Sigismond de Vajay

Unreachable Empires

Conceived by Sigismond de Vajay, this artist’s book combines 70 of his drawings with commissioned essays by Mexican novelist Mario Bellatín, French biologist and glaciology researcher Bruno Jourdain, and geography and biotechnology expert Elizabeth R. Johnson.  Together, thanks to their intertwined dialogue around reality, fiction, science, knowledge, and the power of artistic approaches, they express a subjective vision of our changing times.

Vajay’s practice emphasizes the systems that govern the planet, irregularities and social differences, power and global control. From a disenchanted perspective, his art oscillates ceaselessly between the human and the machine, the individual and the mass, or between nature and technology.

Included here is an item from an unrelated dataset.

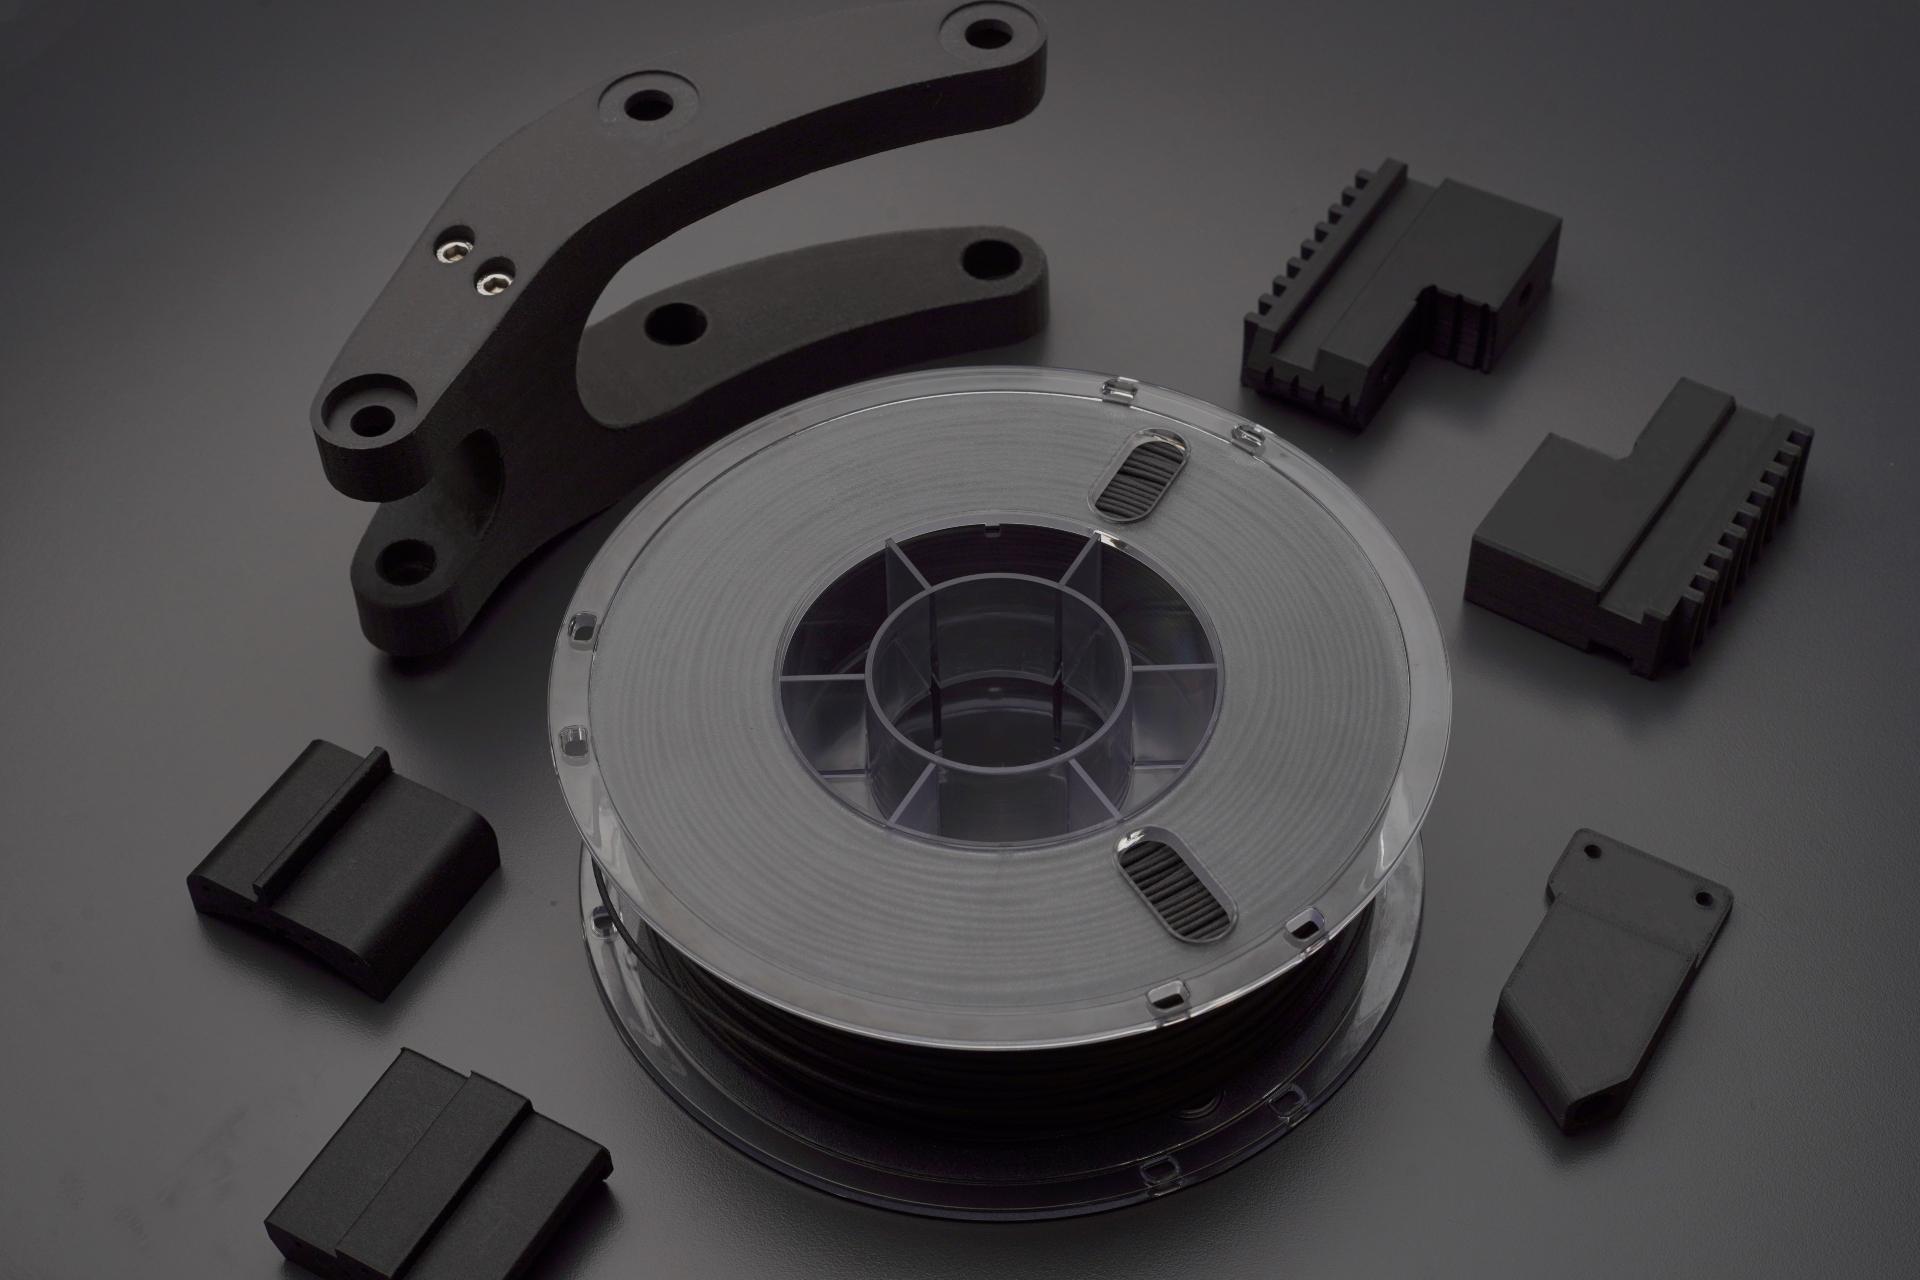 Polymaker's Smooth PA filament. Photo via Anisoprint.

The artist’s works have in common a dystopian aesthetic, which allows him to address the condition of contemporary societies in a state of ruin. Through his pencil and watercolour drawings, produced between 2012 and 2017, Vajay explores themes and motifs such as post-industrial landscapes, endangered natural spaces, and lonesome machines, as well as complex human, natural, and architectural organizations. Some drawings are short stories to decipher, while others manage to show, in a single stunning image, the complexity of our times and our future.

The authors chosen propose narratives—the adventures of the “Book Man”; “The Amazing Life of a Tiny H2180 Water Molecule”; the “Stories of Life and Warfare Beneath the Skin of the Earth”—which extend and enhance the drawings, thanks to time-travel, alternative realities, and troubling futuristic tales.

English, French and Spanish text. Published with KBB (Kultur Büro Barcelona).